Я спрыгнул с кровати, внезапно вспотев и дрожа от омерзения. Мне хотелось заплакать, словно я проснулся после кошмара этих двух недель; словно речь соседки покончила сразу с бурей этих дней, со всеми этими часами, когда я неподвижно лежал рядом, и все же вне этого срама, прислонившись головой к стене, и слушал, и слушал.

Чтобы узнать, который час, я подошел к балкону и постарался думать о том, какое сейчас число, и о том, что я живу на улице Чили, 600, в единственном новом доме запутанного квартала Сан-Тельмо, повторял я, чтобы совсем проснуться; в самом начале южной части города, где желтеют и розовеют остатки карнизов; где решетки, башенки, дворики, поросшие виноградом и жимолостью; где девушки гуляют по дорожкам, а молодые люди молча стоят на углу; где кажется, что простору много… да, еще железные мосты, последние, и нищета. Дети и старики в подъездах, близость смерти…

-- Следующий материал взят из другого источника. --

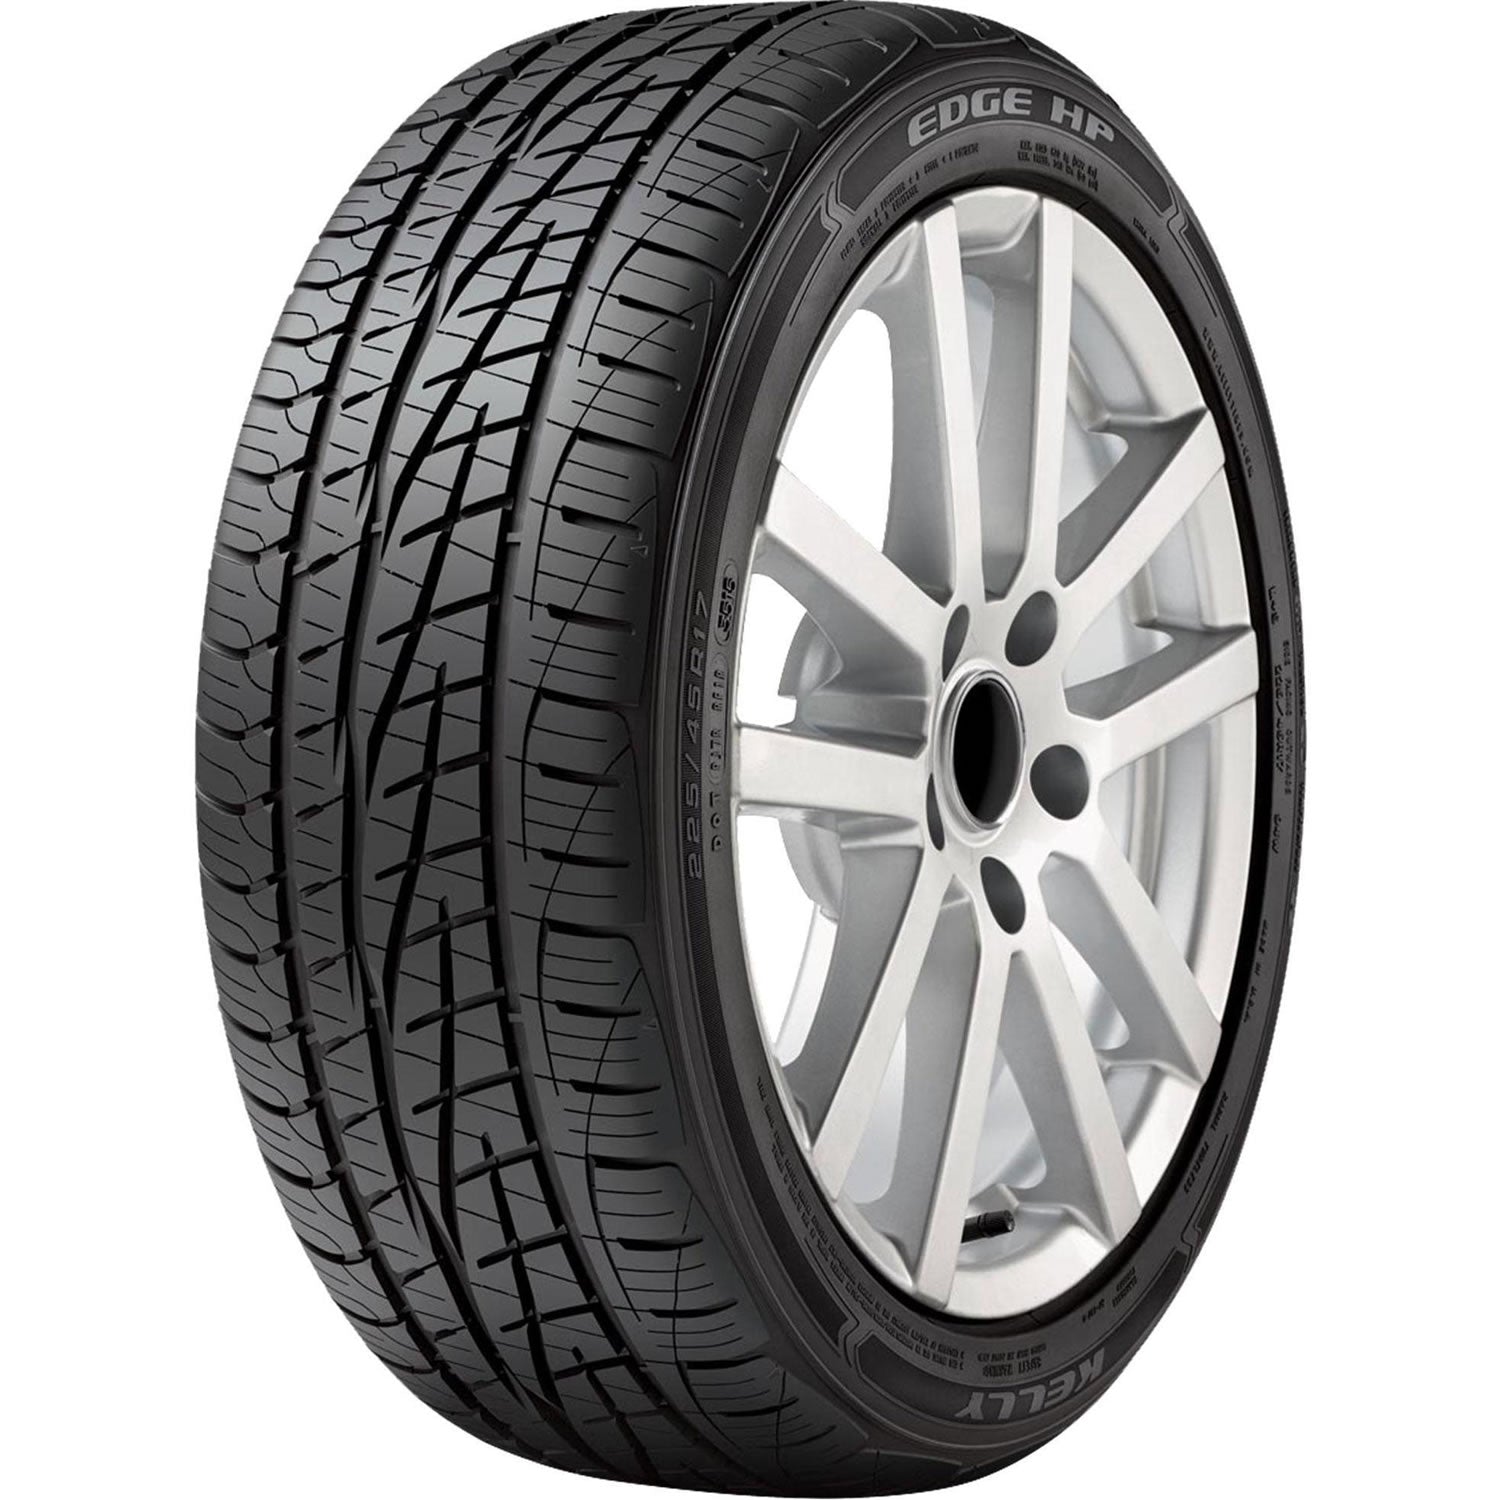 KELLY EDGE HP 225/50R16 (24.9X9.2R 16) Tires

«Сейчас я здесь», — сказал я так, словно понимал, что говорю. Кека прибирала, напевая. Мужчина быстро вышел из ванной и спросил, нет ли чего выпить.

— Последнее даю, — весело сказала она и, насвистывая, пошла в кухню.

Бреясь и завязывая галстук, я увидел, что лицо у меня смущенное. Спускаясь с лестницы, я нес с собой стыд и расстался с ним, лишь завидев привратника, который хотел поговорить о лопнувшей трубе. Потом я медленно побрел по темным шумным улицам, где еще не зажгли фонарей. Я заглянул в «Малютку Электру» в час, когда мальчишки приходят с футбола, с бегов, со свиданий и собираются в кафе, где почти молча, плечом к плечу доживают еще одно ненужное воскресенье, поддерживая друг друга, чтобы легче было вынести мысль о понедельнике.

Хозяин поздоровался со мной и велел принести мне чашечку кофе и кувшинчик холодного молока. Я сел у окна. Отсюда можно наблюдать за всем залом, виден даже мой дом и белый балахон привратника в синей тени. Иногда кто-то подходил ко мне, кто-то выходил и шел по улице. Я размешивал ложечкой сливки, отстоявшиеся на поверхности, и ронял в них капельки кофе, чтобы мало-помалу нарушить их белизну; я был один, я развлекался, прогоняя стыд, и ощущал, как растет радость, которой нет без одиночества. Глядя на мужчин, идущих к кафе от нашего дома, я всякий раз предполагал, что этот сейчас был у Кеки, и пытался угадать, сколько горечи он унес или оставил.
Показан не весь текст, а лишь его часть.